Préservatif, pilule, stérilet… Ces méthodes contraceptives bien connues ont toutes le même objectif : éviter une grossesse non désirée. Pourtant, il en existe de nombreuses autres, parfois méconnues. (Re)découvrez-les !

Les contraceptions hormonales

Il s’agit de méthodes contraceptives à destination des femmes et qui consistent en la diffusion d’hormones féminines dans l’organisme. Sous forme d’œstrogènes et/ou de progestatifs, elles visent à bloquer l’ovulation. Ces méthodes contraceptives sont accessibles sur ordonnance.

La pilule contraceptive

On trouve deux types de pilules contraceptives :

  • Les pilules combinées ou oestroprogestatives. Elles contiennent à la fois des œstrogènes et des progestatifs. Leur efficacité est immédiate, à condition d'être toujours prises à la même fréquence, dès le 1er jour des règles. Ces pilules suppriment systématiquement l’ovulation, et peuvent être prises en continu ou avec un arrêt d’une semaine, pendant lequel il est fréquent de subir des saignements.

  • Les pilules microprogestatives. Celles-ci ne contiennent que des progestatifs et sont efficaces 48 heures après la prise du premier comprimé (le 1er jour des règles). Ces pilules ne suppriment pas forcément l’ovulation, et les patientes peuvent donc avoir leurs règles.

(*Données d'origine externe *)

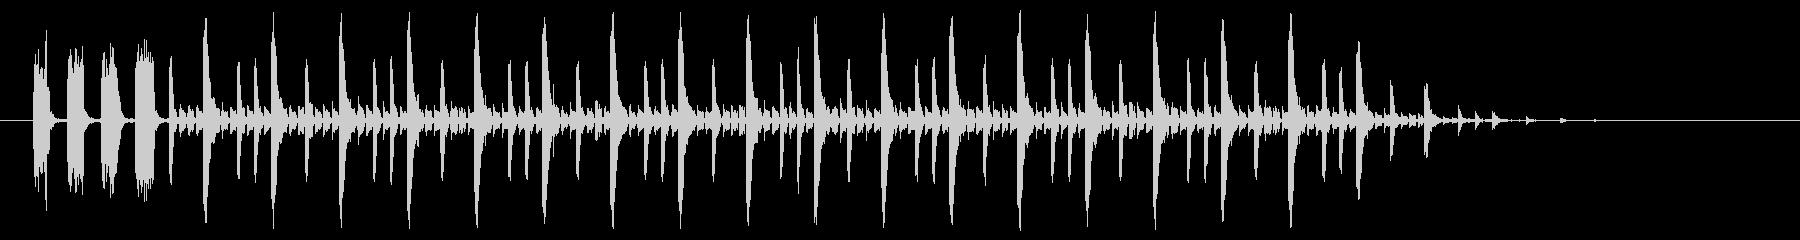 音楽電子クールグルーヴ-ミュージカ...の未再生の波形
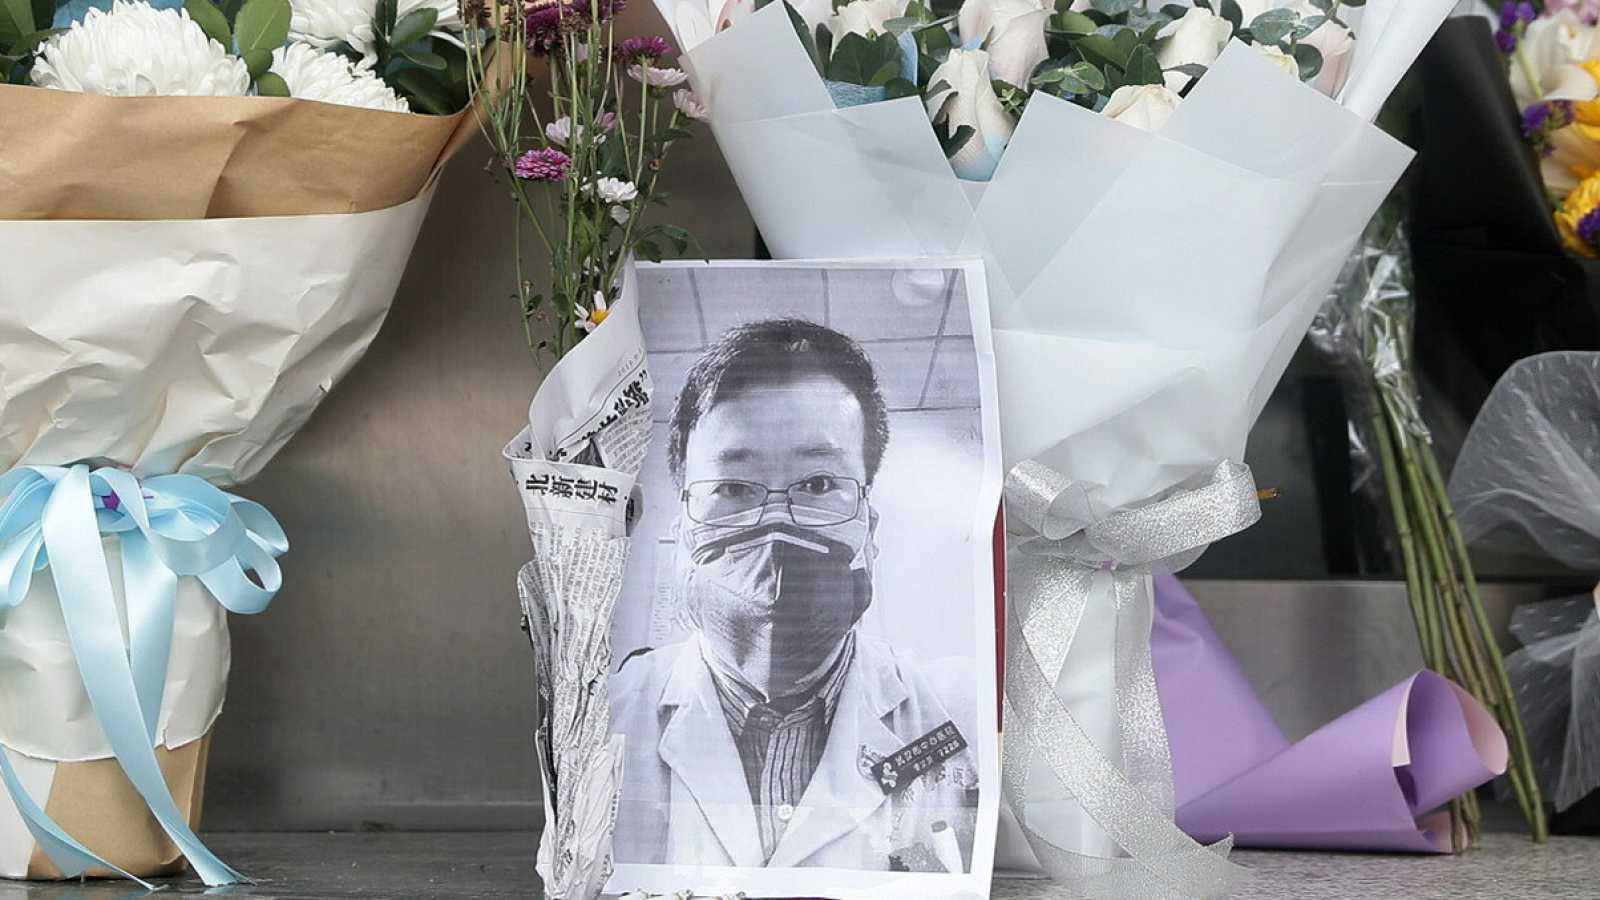 La muerte de Li Wenliang provoca una ola de indignación en China y fuerza al gobierno a abrir una investigación

Dans les deux cas, ces produits contiennent des hormones similaires à celles fabriquées par le corps. Leur efficacité est grande si elles sont prises tous les jours et à heure régulière. Mais des oublis ou une association à d’autres médicaments peuvent en réduire les effets.

 

L’implant contraceptif

Un petit bâtonnet en plastique de la taille d’une allumette, injecté sous la peau du bras, contenant de l’étonogestrel (un progestatif) délivré en continu : voilà l’implant contraceptif. Inséré sous anesthésie locale, il permet de supprimer ensuite l’ovulation. Son avantage est qu’il peut être retiré dès que vous le souhaitez, à l’issue d’une petite incision sous anesthésie locale. Efficace au bout d’un jour, il doit être renouvelé tous les 3 ans.

Les risques de déplacement de l’implant, bien que rares, ne sont pas à négliger : une visite de contrôle s’impose donc auprès de votre gynécologue ou de votre sage-femme 3 mois après la pose.

La prise de poids et l’irrégularité des règles font partie des autres effets indésirables possibles.

 

Le DIU hormonal (stérilet)

Plus connu sous le nom de stérilet, le DIU (dispositif intra-utérin) ou SIU (système de diffusion intra-utérin), est un petit objet en forme de « T » de 3 cm de long environ, inséré dans l’utérus par votre gynécologue ou votre sage-femme. Le DIU hormonal contient une hormone progestative (lévonorgestrel) libérée en petite quantité, qui permet de :

  • Bloquer le passage des spermatozoïdes en épaississant les sécrétions du col de l’utérus.

  • Diminuer – voire stopper - la durée et le volume des règles, ainsi que les douleurs qui les accompagnent.

Ce dispositif doit être mis en place durant la semaine qui suit les règles et faire l’objet d’un suivi gynécologique régulier : il est recommandé de consulter ce spécialiste une fois par an au minimum. L’efficacité du DIU hormonal est immédiate.

 

Le patch hormonal

Sous forme d’un sparadrap à coller sur la peau du ventre, des épaules ou du bas du dos dès le premier jour du cycle, le patch doit être renouvelé de façon hebdomadaire, durant 3 semaines. Des saignements apparaissent généralement pendant la quatrième semaine. Ce dispositif contient un œstrogène et un progestatif qui traversent la peau et se diffusent à travers la circulation sanguine. Il est efficace immédiatement, à condition d’être posé correctement et renouvelé à la bonne fréquence.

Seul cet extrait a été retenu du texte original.